Immortality Writ Small


          In 1978, my late father-in-law gave my wife a dehumidifier for the old house she bought in Hartford, Connecticut.  At issue was the damp basement, an environment well suited for growing mildew, colossal spiderwebs, or even some varieties of edible fungi.  The dehumidifier was a well-used appliance even then, so conservatively, already about ten years old. 

        Last week, after giving us years of continuous service (I’d let it rest for maybe four months during the cold weather) it gave up the ghost, and I think the ghost itself has probably died of old age.

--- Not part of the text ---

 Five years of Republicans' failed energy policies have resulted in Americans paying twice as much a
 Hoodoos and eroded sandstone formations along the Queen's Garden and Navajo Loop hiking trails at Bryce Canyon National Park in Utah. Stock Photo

        I have a bench grinder that I often use to clean metal parts and sharpen tools.  I inherited it from my grandfather, who told me when I was a little kid that the motor was over a hundred years old.  I’m now 75, so do the math.

 

        They don’t make ‘em like that anymore. 


        As much as I appreciate this kind of durability, an important act of mental hygiene when you hit 75 is to avoid fetishizing monuments of the past.  Not completely, of course, but one should heed Springsteen’s cautionary tale, Glory Days, and not be left “with nothing, mister, but boring stories.”


        Speaking of stories, they can also take up residence in the same quadrant of the brain that stores superannuated pop songs, appliances, cars and amber-tinted memories of that first slow dance (in my case, to Don’t Worry, Baby. Not forgetting that.)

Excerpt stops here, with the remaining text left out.